How to secure land for low cost exception sites, within the Wealden district



Unfortunately, simple solutions, like cutting the cost of living for millions of voters, with GENUINELY AFFORDABLE HOUSING - is something that eludes governments, once installed in power, they lose all incentive to change the political landscape to something more sustainable.


By way of example, the above diagram shows 12 building plots for 18' x 54' flatpack units - on a one acre site, to include parking, but not including an access road. Arable land is roughly £8-9k per acre. An uplift of 100% for compulsory purchase - on land earmarked for Low Cost Exceptions; self-build starter homes (NPPF). Sites thus acquired for villages, will yield plots for registered persons at around £1,670 per plot.


Now, this really is affordable stuff. Flatpacks are around £30-40k, with solar power, borehole/pump and waste treatment pack coming in well under £50k per home. Against which mortgage repayments are roughly £250 per month. And a reduction in Council Tax, to Band A, for those renting executive houses at over £9000 per month. Good news for the homeless, not so good for overpriced market dealers, and price fixing councils, who use their power to monopolize the planning system, to obtain higher rateable bandings - to pay their enhanced pensions. Such councils, dealing in human misery, might be deemed planning criminals, no better than King Charles II and his African Royal Trading Company, officially sanctioning slave trading.


Conservative cost-of-living crisis, National debt and Chancellor Jeremy Hunt 










SOARING FOOD PRICES - Nothing is more alarming than doing a shop, and finding the prices have literally doubled overnight.

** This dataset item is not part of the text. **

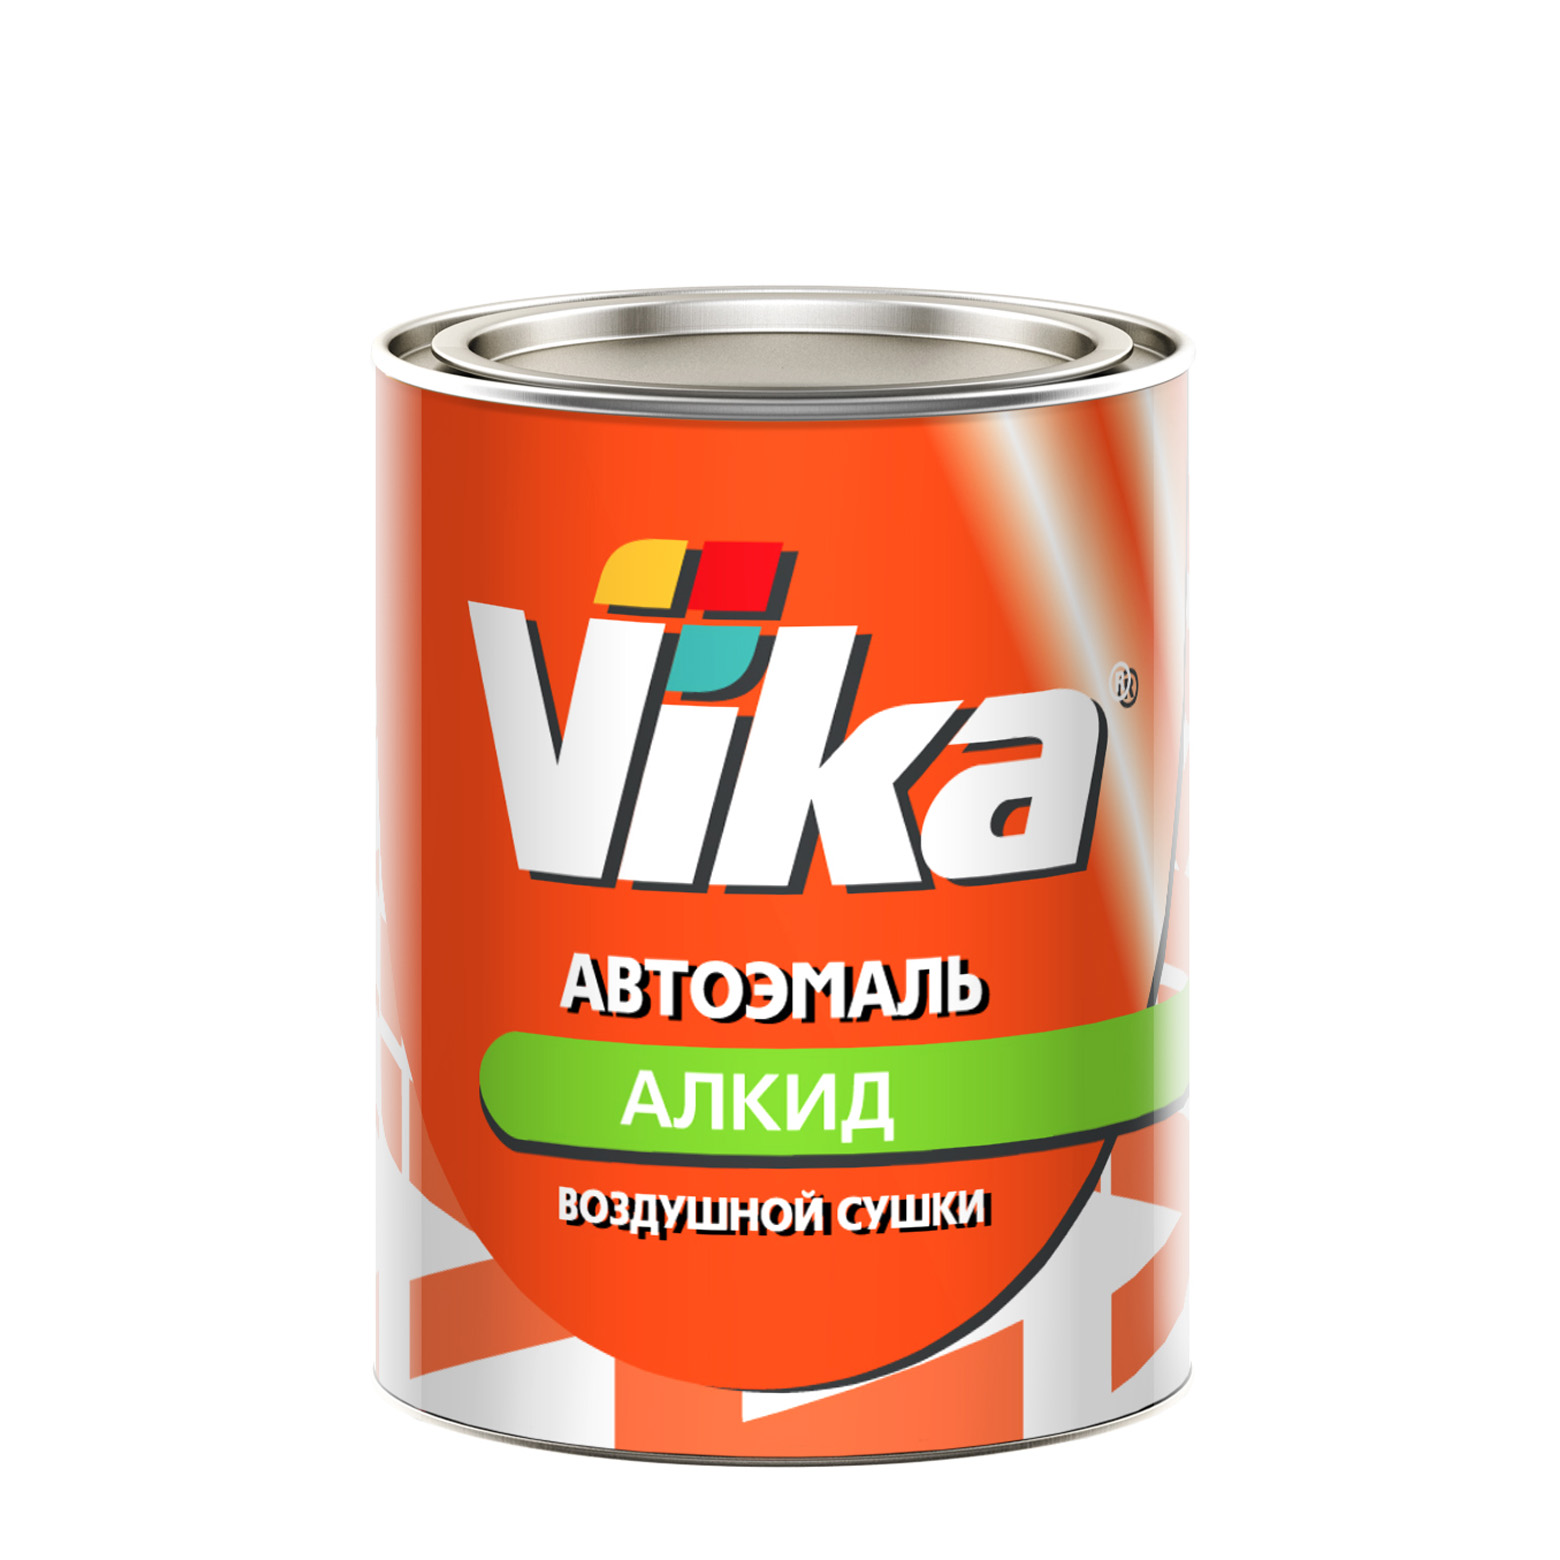 Фото 1 - Автоэмаль Vika-60, цвет 140 Яшма алкидная глянцевая естественной сушки - 0,8 кг.
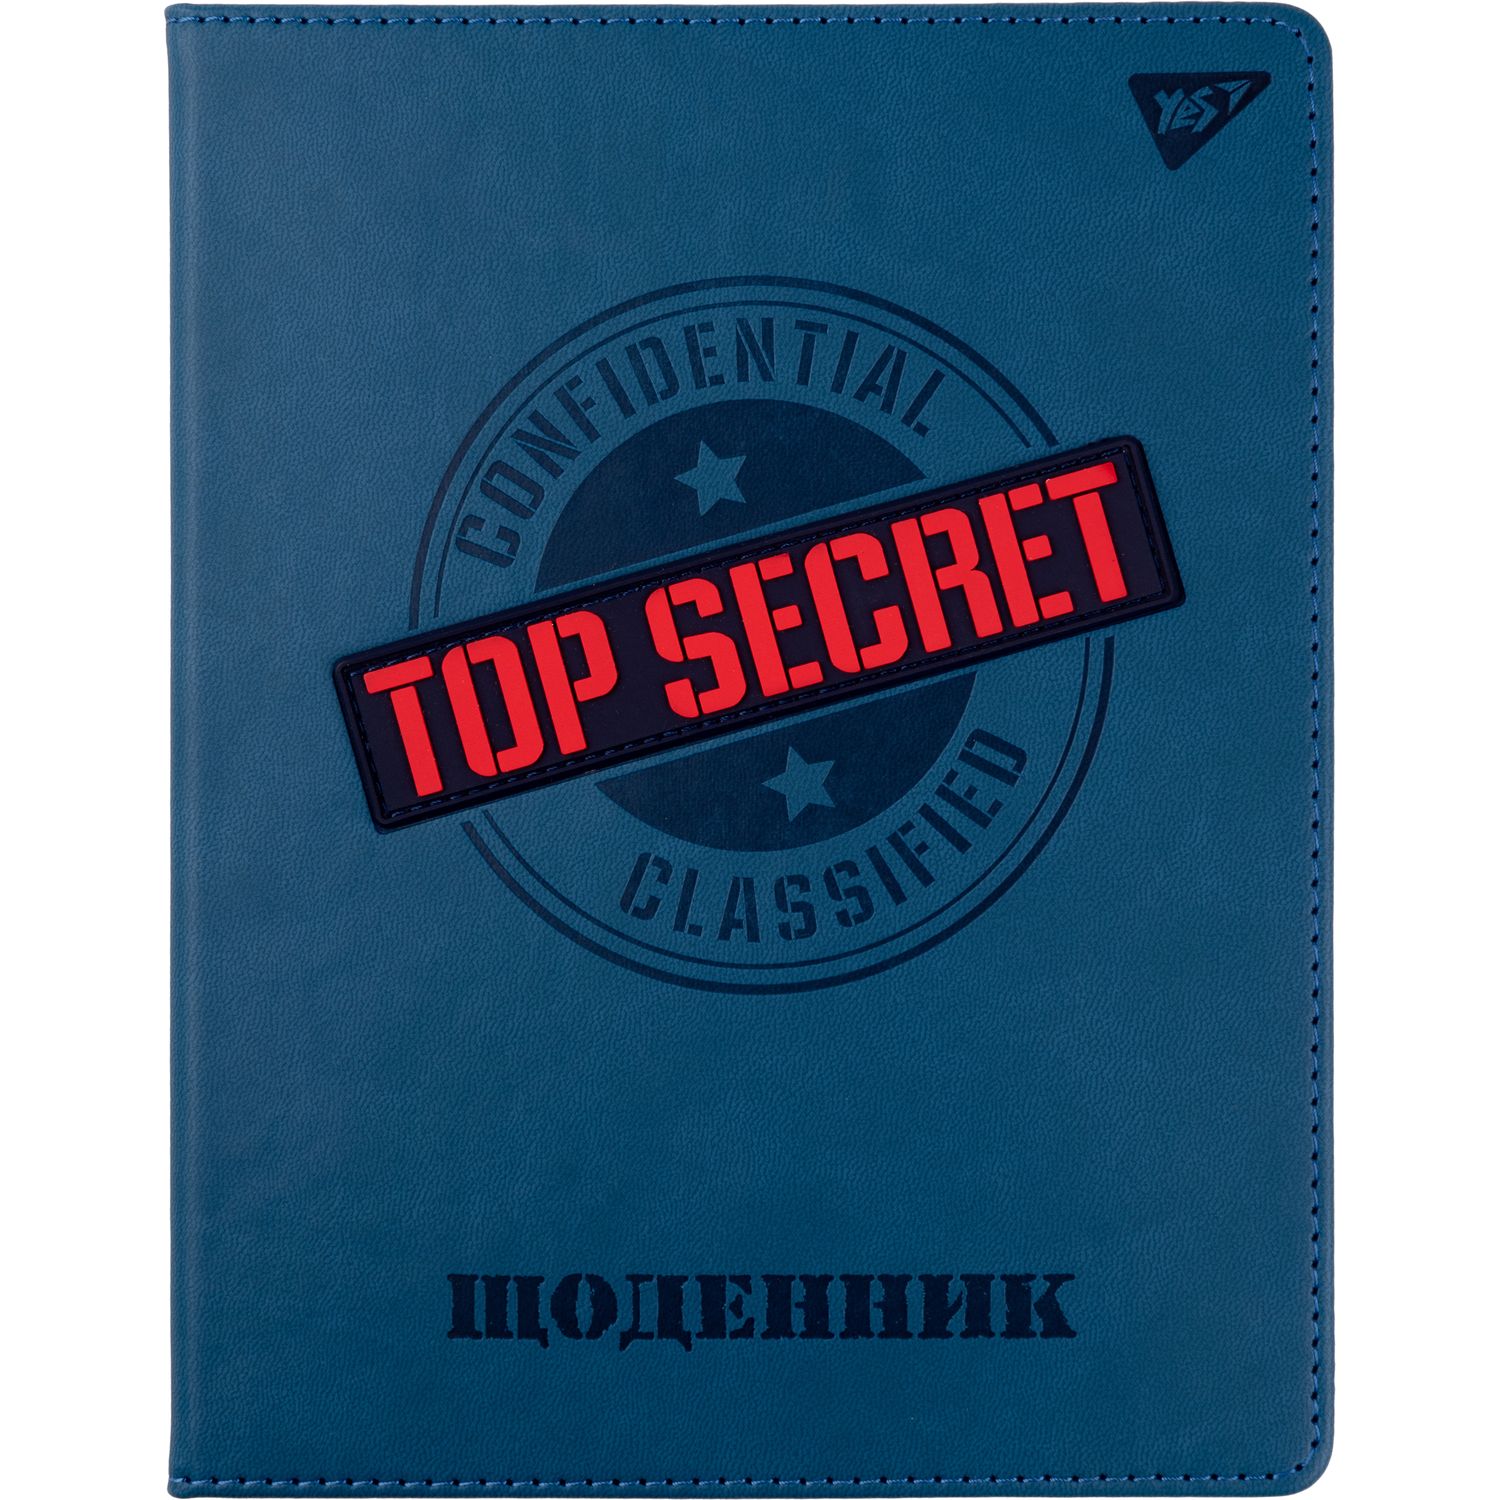 Дневник школьный Yes PU твердый Top secret, тиснение, объемный бейдж (911406) - фото 1

Then coming home to find the government are saying inflation is running at 10%. Energy prices are also ridiculously high, even though the UK could be energy independent, if we harnesses our wind turbines more effectively. And we need to build more, with energy storage in batteries or as hydrogen, or hydrogen compounds.


One way of beating food prices is to grow your own vegetables, and plant an apple tree. Cherries and grapes also grow in the south of England. For EV's park and charging prices, need to be regulated, to stop profiteering from electric motorists. We need to transition to renewable energy for transport, as well as for home heating. All of these things can combine to reduce imports, and lower our national debt. Provided that politicians pull our belt in and stop strutting around pretending to be doing good. We need policy changes to speed our national recovery, not promises. The sad thing is, those in power do not have what it takes to make new statute to get things moving the right way.